Dr. Paul L. Harding

/Dr. Paul L. Harding

Dr. Paul L. Harding (1898-1989)

Inducted 2013

Highlights

Harding joined the United States Department of Agriculture, eventually becoming one of their leading scientists and was soon assigned to Orlando, FL to investigate seasonal changes in citrus fruit. In 1965, he became lead scientist for Southeastern Citrus and Vegetable Investigations in the Market Quality Division. His work helped to improve the delievered quality of citrus. Known as the father of Florida citrus maturity standards. He received numerous awards and was research advisor to Florida Citrus Commission and Florida Citrus Mutual.

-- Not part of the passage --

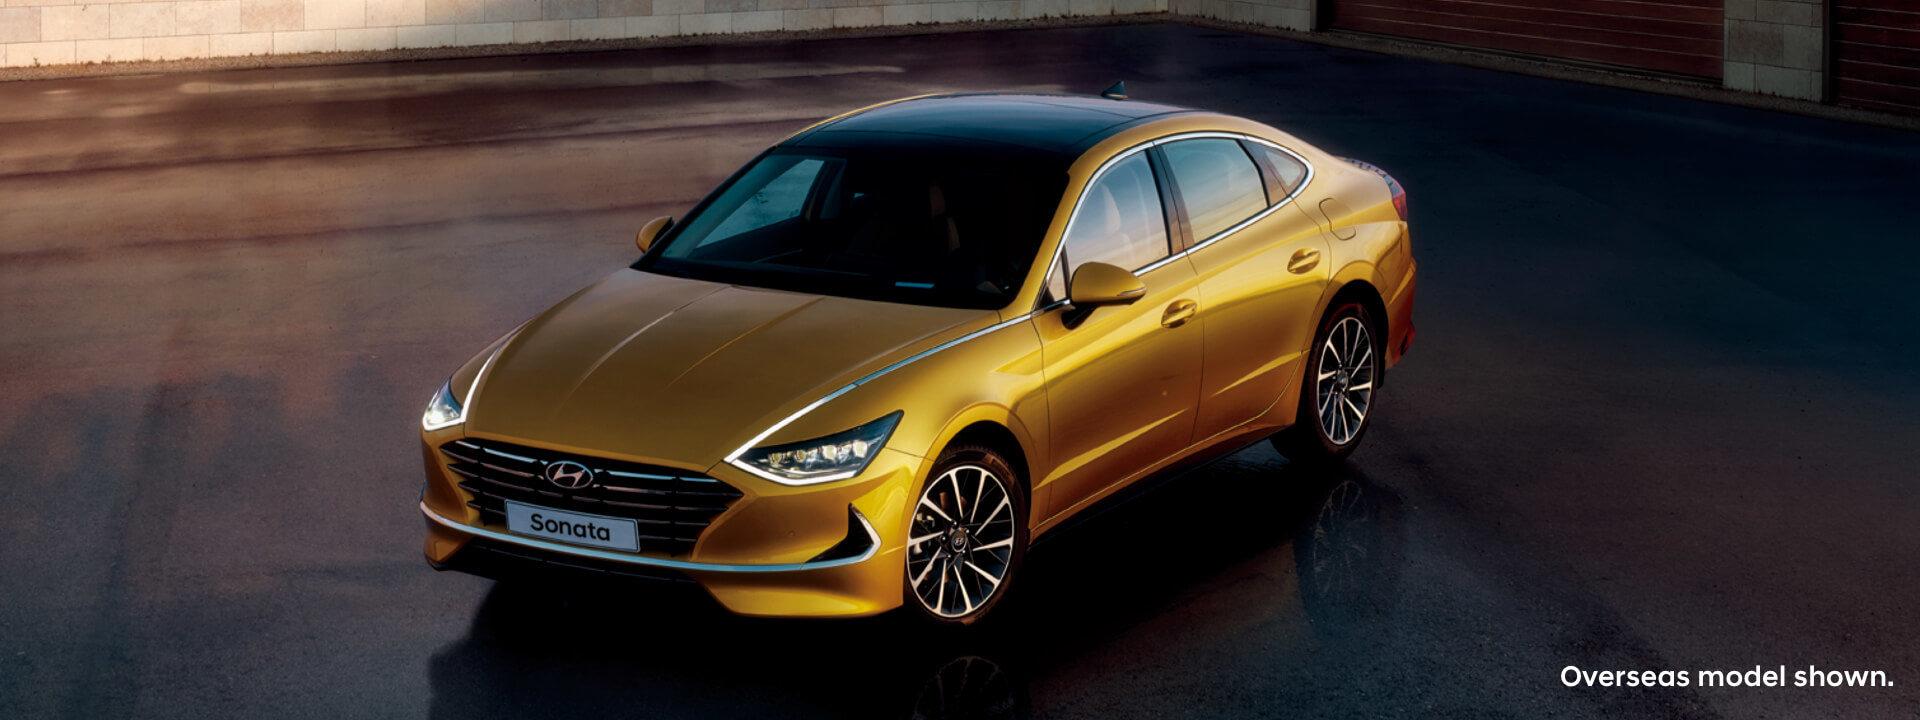 Hyundai_Sonata_Exterior_Hotspot_1920x720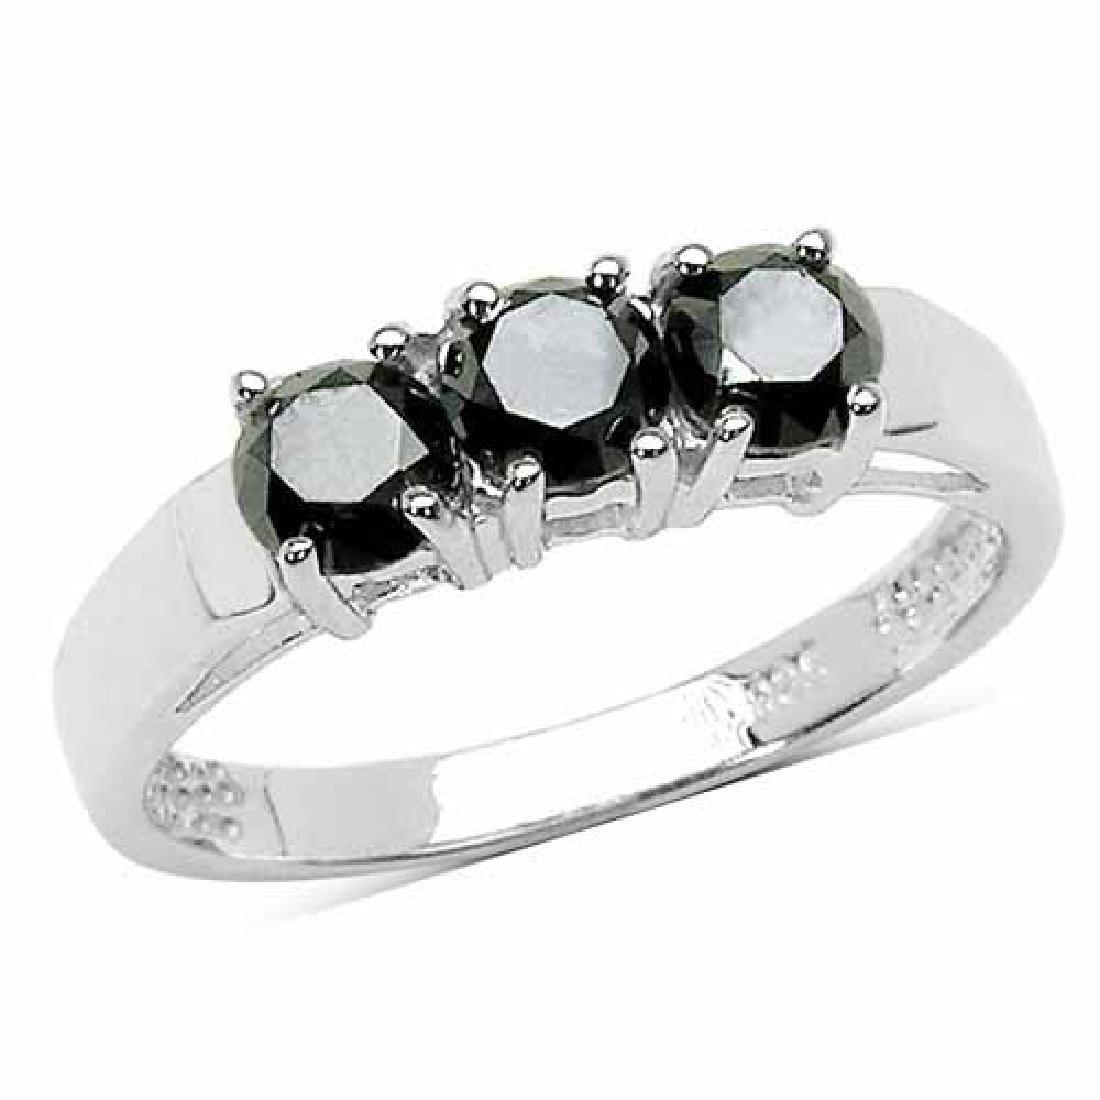 1.18 Carat Genuine Black Diamond .925 Sterling Silver R

  • United States Department of Agriculture
  • Southeastern Citrus and Vegetable Investigations
  • Florida Citrus Maturity Standards
  • Florida Horticulture Society
  • American Soceity of Horticulture Sciences
  • American Institute of Biological Sciences
  • Florida Citrus Commission
  • Florida Citrus Mutual

Bio

Paul Harding was born in Provo, Utah on May 7, 1898. After earning degrees from Brigham Young University, Utah State, and a Ph.D. in Horticulture from Iowa State College in 1930, Harding joined the United States Department of Agriculture, eventually becoming one of the department’s leading scientists. In 1935 he was assigned to Orlando, Florida to investigate seasonal changes in citrus fruits. In 1965 Harding became the lead scientist for Southeastern Citrus and Vegetable Investigations in the Market Quality Division in the Agriculture Research Service.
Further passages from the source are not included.